Sasuke kembali menutup pintu. Kali ini agak lama sebelum akhirnya ia buka.

"Aku pasti sudah gila," gumam Sasuke. Apa mungkin ia mengidap skizoferenia?

Ia menjulurkan tangannya untuk menyentuh pipi Kakashi yang terhalang masker.

Kenapa terasa begitu nyata?

"Aku pasti benar-benar sudah gila," gumam Sasuke lagi. Kali ini menarik masker Kakashi, melingkarkan kedua tangan di leher sang pria bersurai abu-abu dan menciumnya.

Ada jeda dua detik sebelum Kakashi membalas ciuman Sasuke, melumatnya dengan lembut. Mata Sasuke sedikit melebar. Tunggu dulu—

—mana mungkin bayangan Kakashi bisa membalas ciumannya? Dia hanya halusinasinya, iya 'kan?

Sasuke mendorong Kakashi dan menampar pipinya sendiri. "Kau... kau Kakashi?"

"Kau ini bicara apa, tentu saja aku Kakashi."

Sasuke menggelengkan kepalanya, "Bukan. Kau... kau hanya halusinasiku. Sakura benar. Otakku sudah kacau." Sasuke mengacak-acak rambutnya. "Sialan."

"Kau tak berhalusinasi, Sasuke." Kakashi meraih tangan Sasuke dan menyentuhkannya pada pipinya. Sasuke melihat lingkaran mata serupa di bawah mata Kakashi, dan wajahnya yang tampak pucat. "Aku salah. Maafkan aku."
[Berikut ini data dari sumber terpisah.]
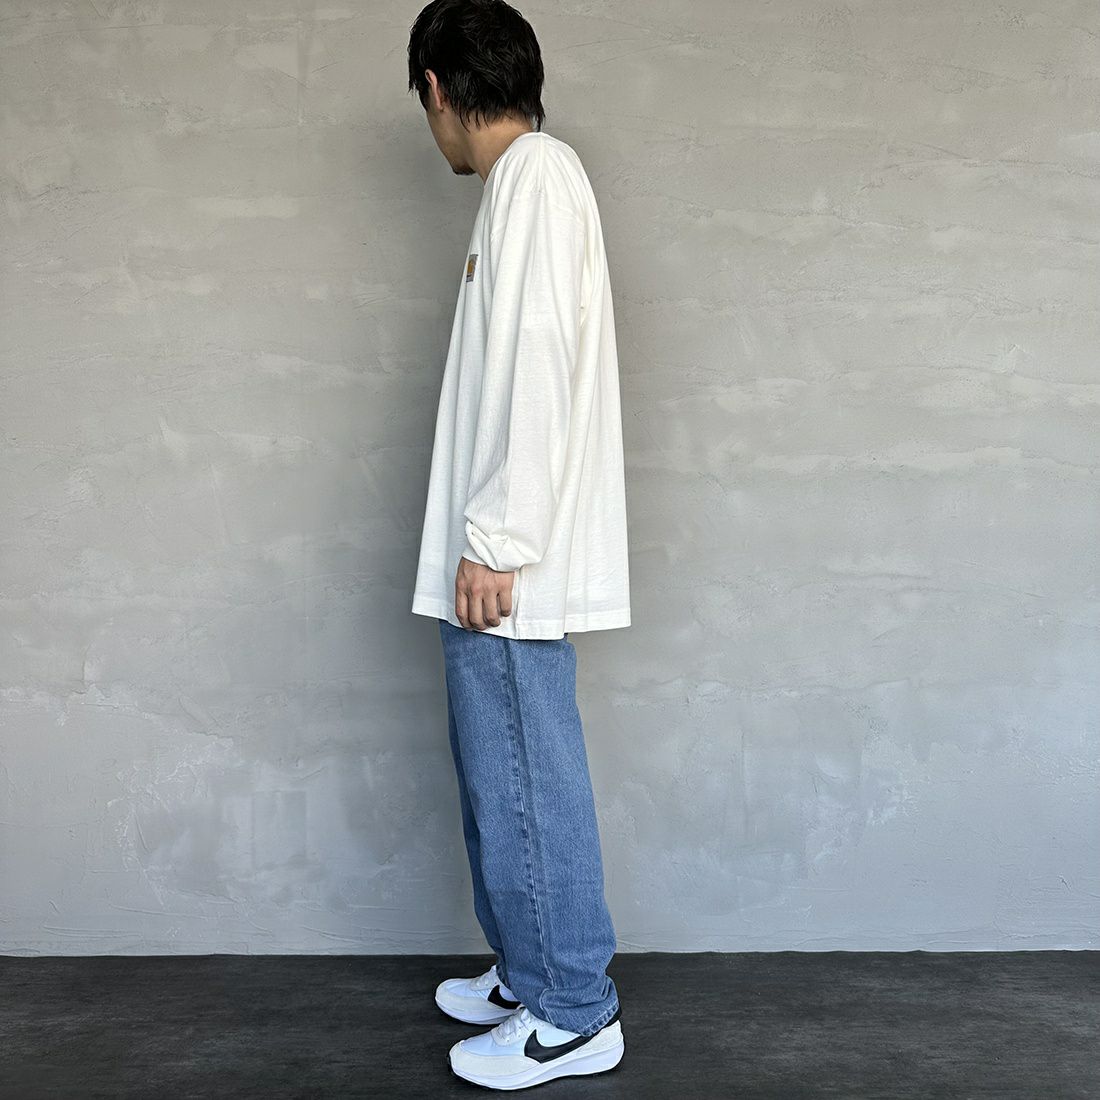 carhartt WIP [カーハートダブリューアイピー] ロングスリーブネルソンTシャツ [I029948] WAX &&モデル身長：173cm 着用サイズ：L&&

Sasuke merasa tubuhnya lemas ketika mendengar hal itu. Ia tak bisa membayangkan—tidak, ia tak menyangka akan menemukan Kakashi di depan pintu apartemennya dan meminta maaf tepat ketika Sasuke akan pergi menemui pria itu.

Padahal Sasuke yakin ia yang salah. Tapi Kakashi yang meminta maaf duluan.

"Aku yang salah, Sasuke. Kau tak akan mencium Karin kalau aku tak terlalu dekat dengan Rin. Aku yang salah. Aku."

Sasuke heran kenapa Kakashi menyalahkan dirinya sendiri padahal ini semua kesalahan Sasuke. Sasuke yang keterlaluan. Sasuke yang seharusnya disalahkan.

Sasuke menjatuhkan tubuhnya pada Kakashi. Matanya terpejam. "Aku ingin tidur. Ngantuk sekali rasanya."

Sudut bibir Sasuke tertarik ke atas ketika Kakashi memeluknya erat.

Kehangatannya sudah kembali.

Owari

Drama Edward sama An itu saya comot dari manga 'I Love You, Suzuki-kun' karya Ikeyamada Go.

Karena ada yang rikues fict KakaSasu, nih saya bikinin. Hope you like it hohoho... saya tadinya mau bikin NaruSasu, tapi saya hilang mood. Saya malah kecantol sama KakaSasu xD

Setting ceritanya sama kayak di fic saya yang DTTM, cuman beda cerita.